Il profeta minore Baruc è molto allusivo quando ne parla nel brano propostoci dalla liturgia odierna, perché tratteggia ilo raggiungimento della letizia, della gioia e della pace che l'uomo raggiunge con se stesso nell'essere fedele a Dio. E' vero che il profeta si riferisce direttamente ad un avvenimento storico databile e prevedibile quale la fine dell'esilio babilonese e il rientro in patria per i deportati, ma il suo annuncio rincuora per esteso tutti gli uomini essendo questo un messaggio di gioia imminente, di pace e di benessere di cui, dopo la conversione, viene ad essere latrice la nostra fede. L'avvento del Signore sarà motivo di letizia perché apporterà il rinnovamento dell'intero sistema a partire da noi stessi e realizzerà in noi l'affrancamento da tutti le remore e dai vincoli che ci opprimono e che ci angustiano, deprimendo la nostra vita, cioè dai vincoli del peccato e della malizia.
Se anche non ne siamo convinti, noi avvertiamo una necessità reale di liberazione e di riscatto poiché siamo vittime di una oscura inquietudine e di un'occulta preclusione verso il bene che si presenta con subdole e ingannevoli apparenze di emancipazione. In altre parole, senza accorgercene siamo schiavi della presunzione, del falso orgoglio, della presunta autosufficienza e he ci illudono di essere padroni di noi stessi. Ma che cosa è tutto questo se non il peccato? Che cosa è determinata questa schiavitù se non dal compromesso con il male e dall'ostinazione su sentieri non buoni? Il peccato suscita malanimi divisioni anzitutto in noi stessi e poi nelle relazioni con gli altri; come bene insegna Pietro, l'attaccamento al denaro e l'idolatria è la radice di tutti i mali; il vizio e la depravazione disperdono e seducono l'uomo trasformando in peggio l'assetto sociale; il successo, l'opulenza, il guadagno facile sulla pelle dei poveri e dei reietti è radice di scompensi che degenerano in sanguinosi conflitti e nell'odio fra interi popoli...
Nel suo Cristo Verbo Incarnato Cristo verrà a riscattarci e irromperà nella nostra vita facendosi egli stesso partecipe della nostra condizione e diventando uno di noi, in tutto uomo, sebbene Dio. Ma appunto perché il Messia ci raggiunge uscendo da se sesso occorre che a lui ci predisponiamo uscendo da noi stessi.
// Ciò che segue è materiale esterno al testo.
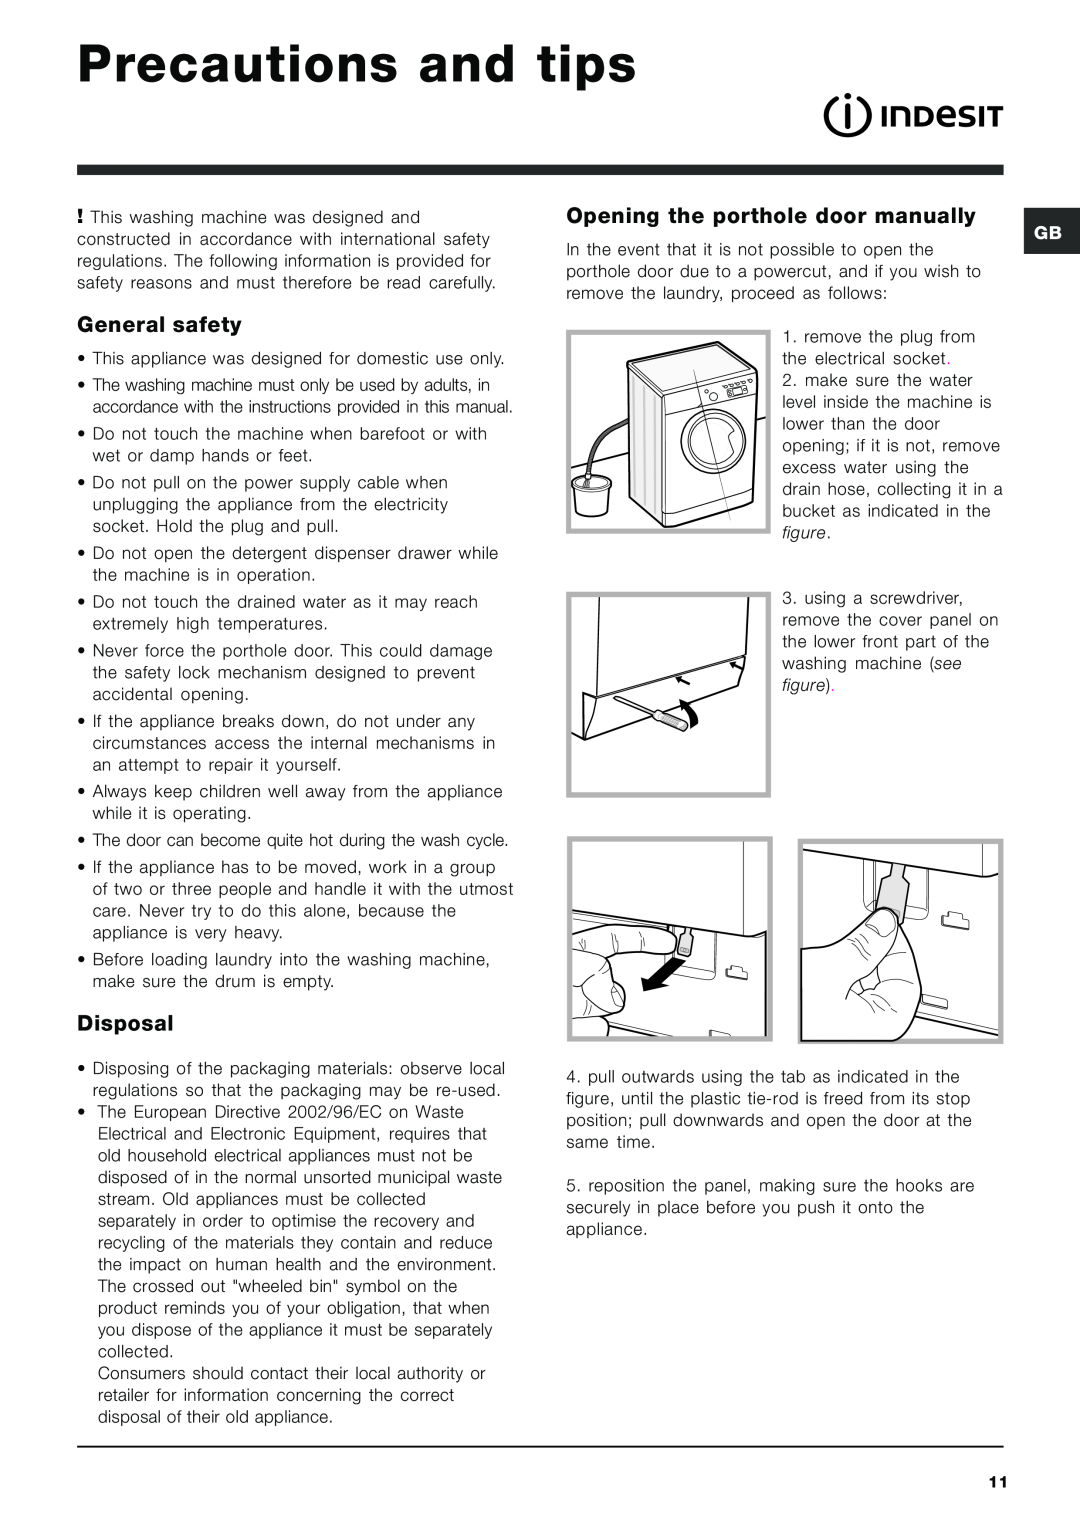 Indesit IWE7168 Precautions and tips, General safety, Disposal, Opening the porthole door manually

E' Dio che per primo perdona i peccati dell'umanità garantendo pace, benessere e sicurezza e prodigandosi zelantemente nei nostri confronti; da parte nostra non possiamo che accogliere il dono che egli fa di se stesso e aderirvi con un sincero e provato itinerario di conversione che ci faccia uscire da noi stessi per condurci a Lui.